§ **DATA SECTION**
-.-.-

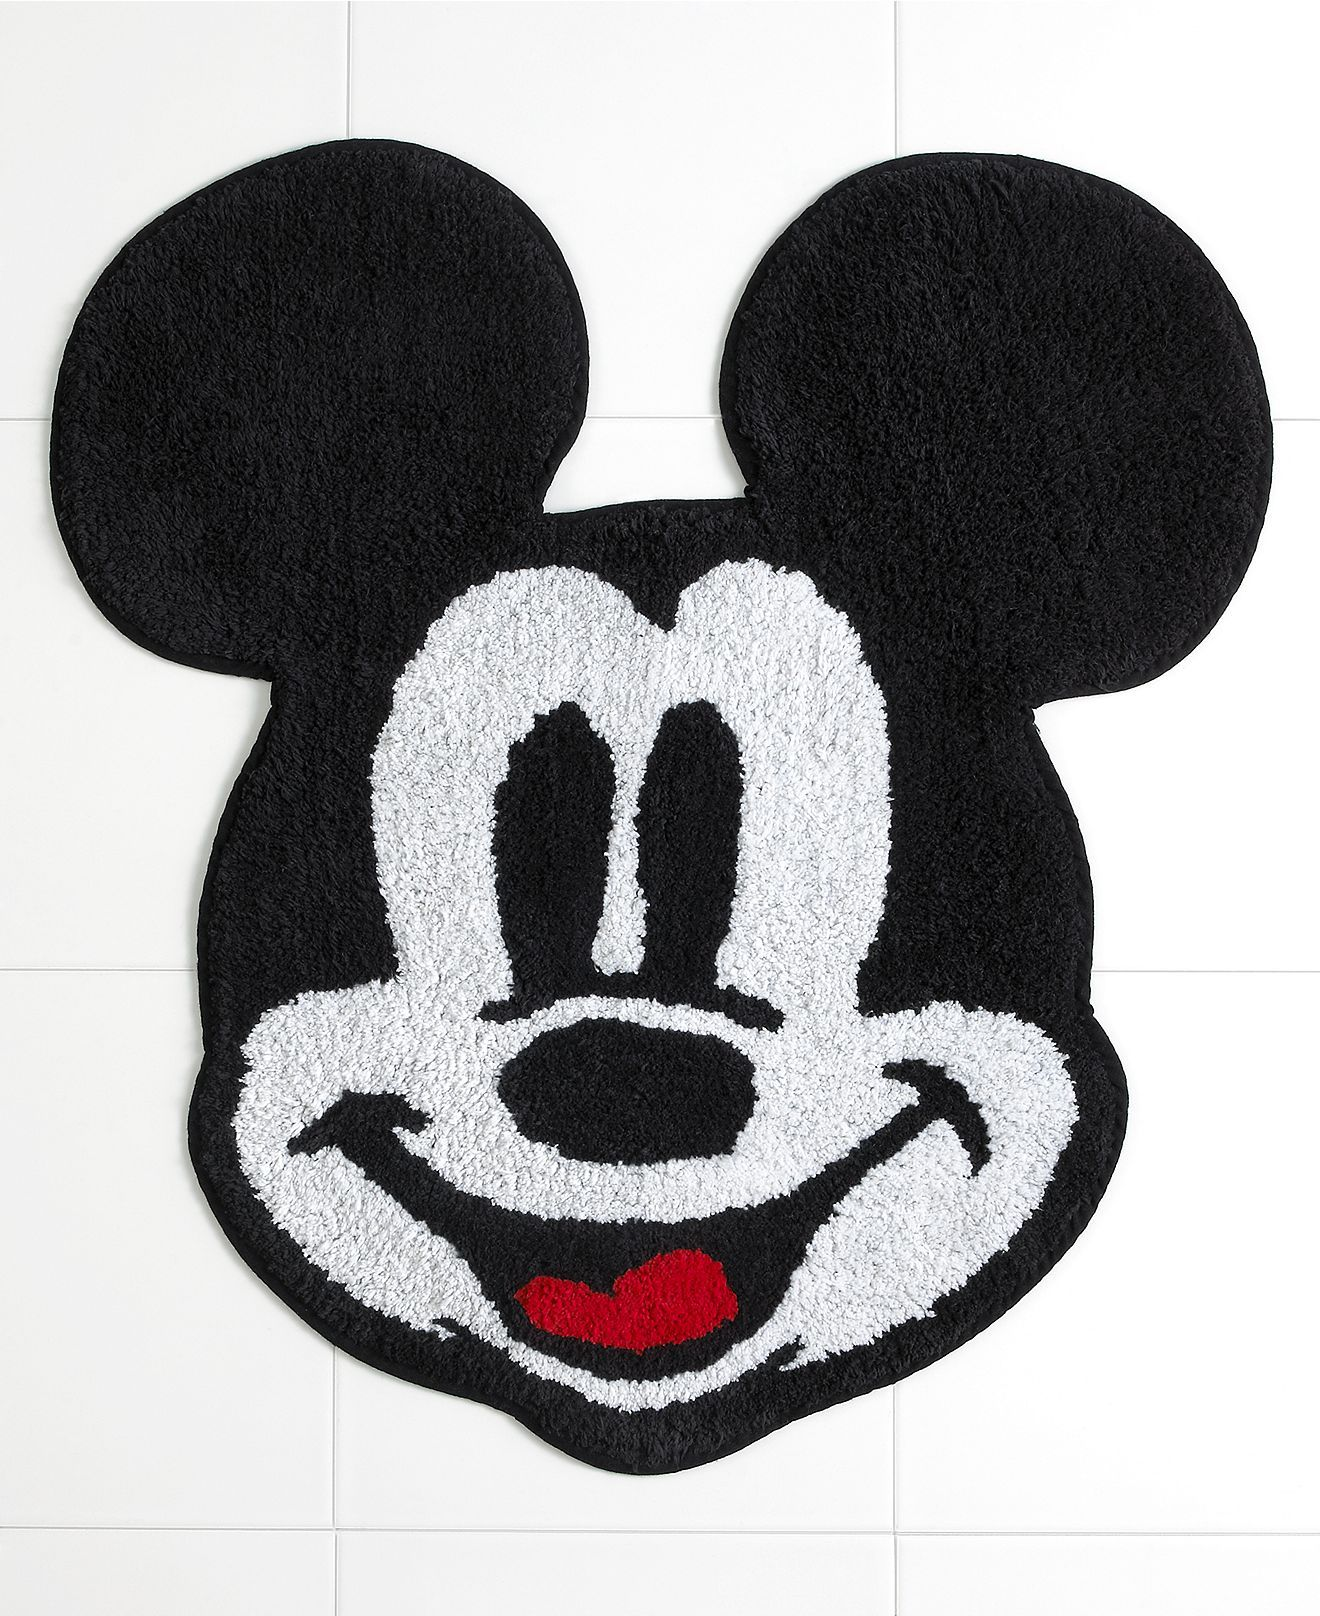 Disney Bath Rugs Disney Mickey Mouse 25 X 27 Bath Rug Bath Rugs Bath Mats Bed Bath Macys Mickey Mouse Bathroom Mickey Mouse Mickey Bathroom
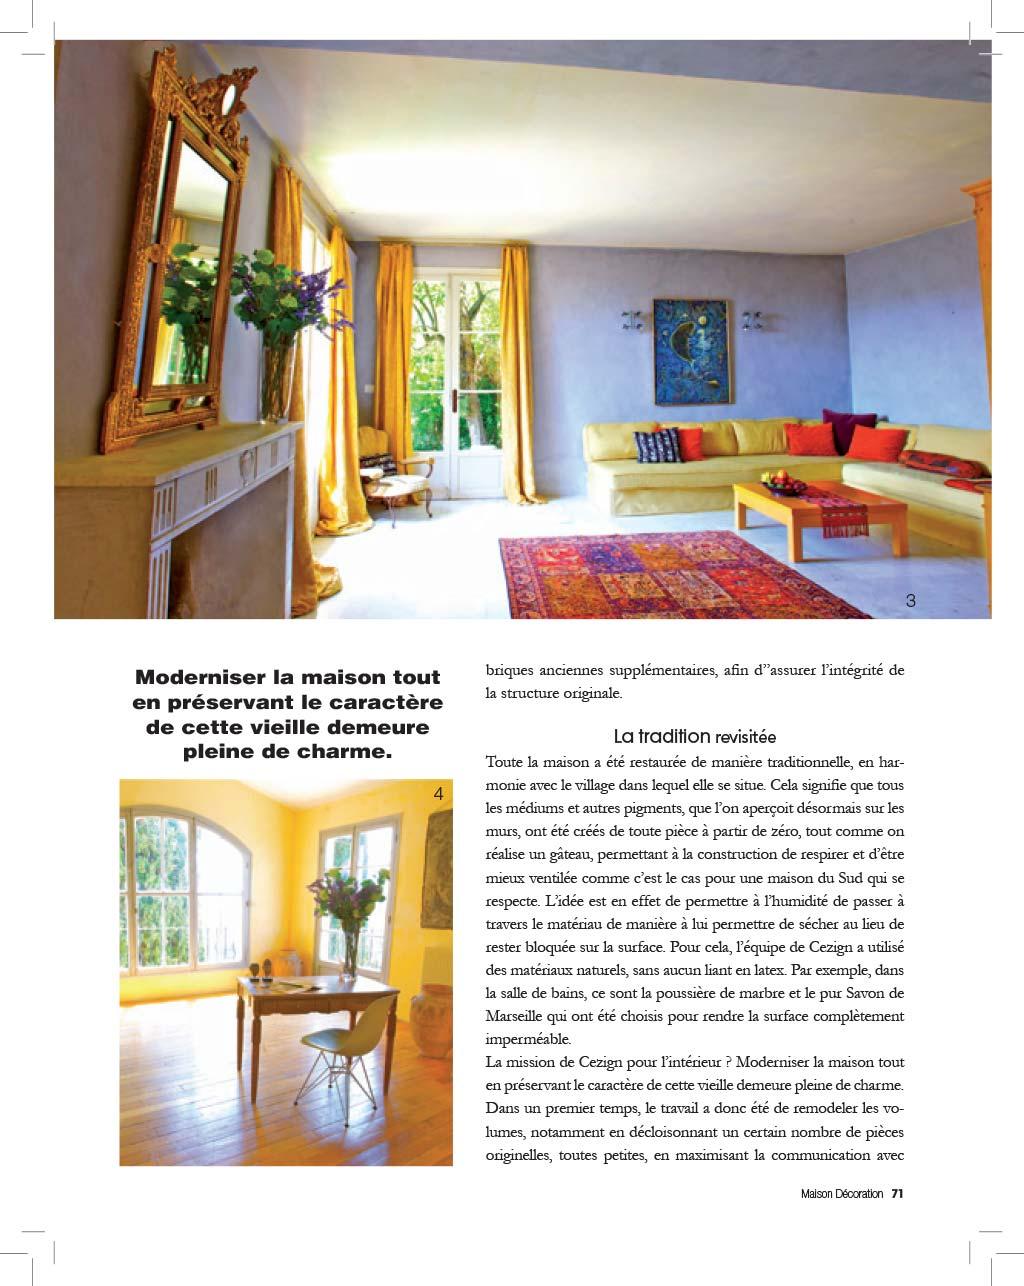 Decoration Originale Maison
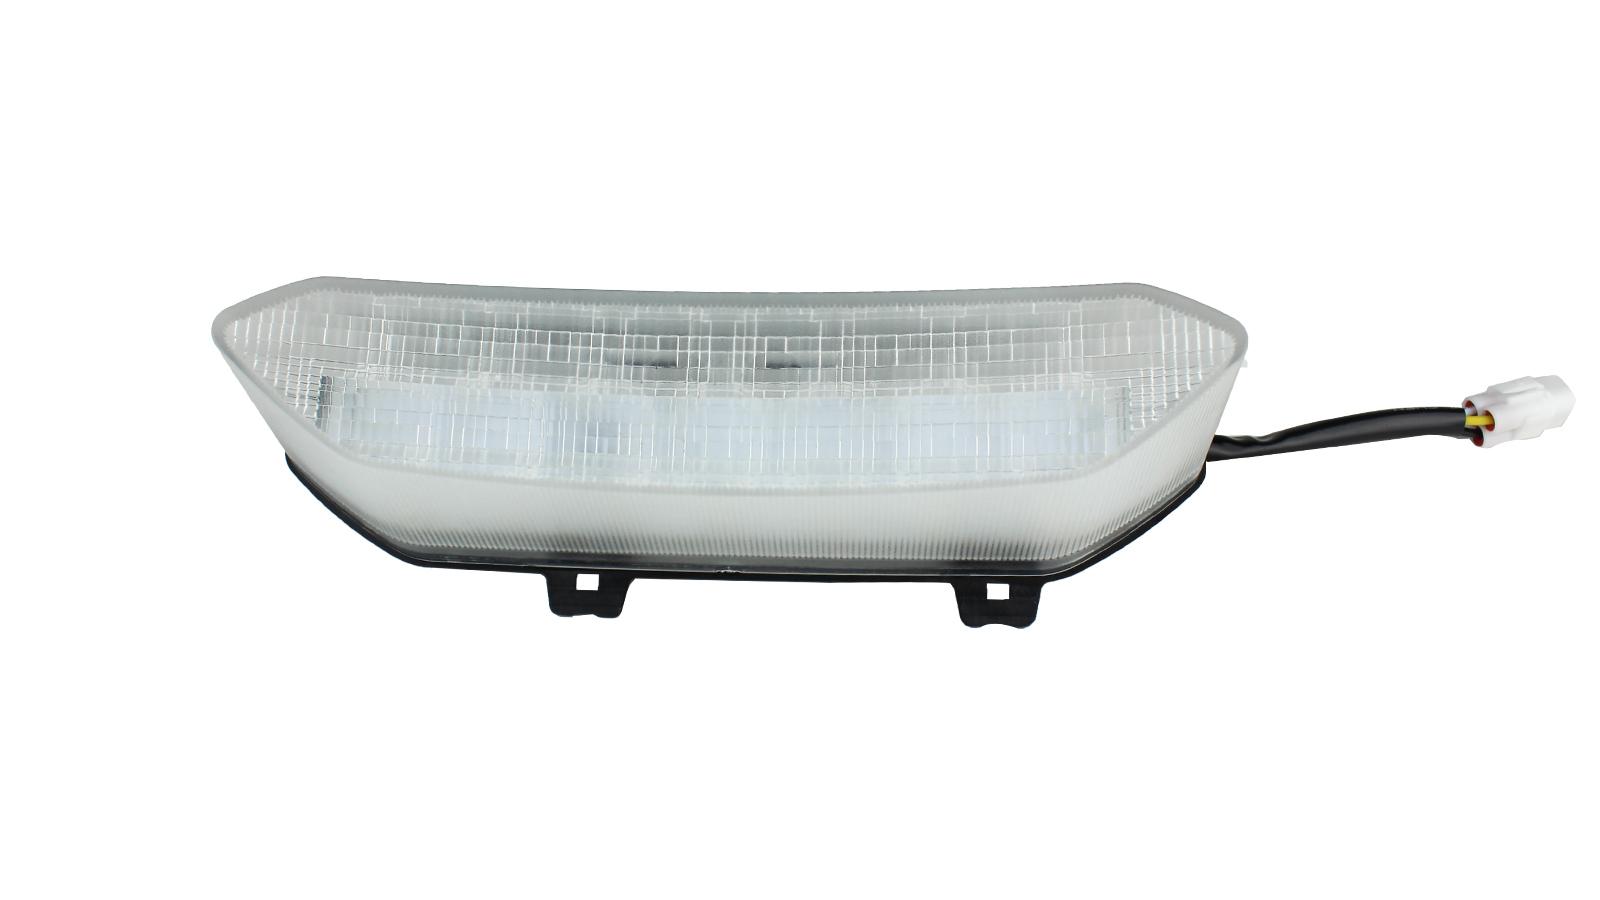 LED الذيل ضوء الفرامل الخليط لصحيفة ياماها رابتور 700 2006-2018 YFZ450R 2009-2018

-.-.-

§ **TASK STATEMENT**
Reproduce the material above exactly but drop all images.

§ **RESULT BELOW**
 Disney Bath Rugs Disney Mickey Mouse 25 X 27 Bath Rug Bath Rugs Bath Mats Bed Bath Macys Mickey Mouse Bathroom Mickey Mouse Mickey Bathroom
 Decoration Originale Maison
 LED الذيل ضوء الفرامل الخليط لصحيفة ياماها رابتور 700 2006-2018 YFZ450R 2009-2018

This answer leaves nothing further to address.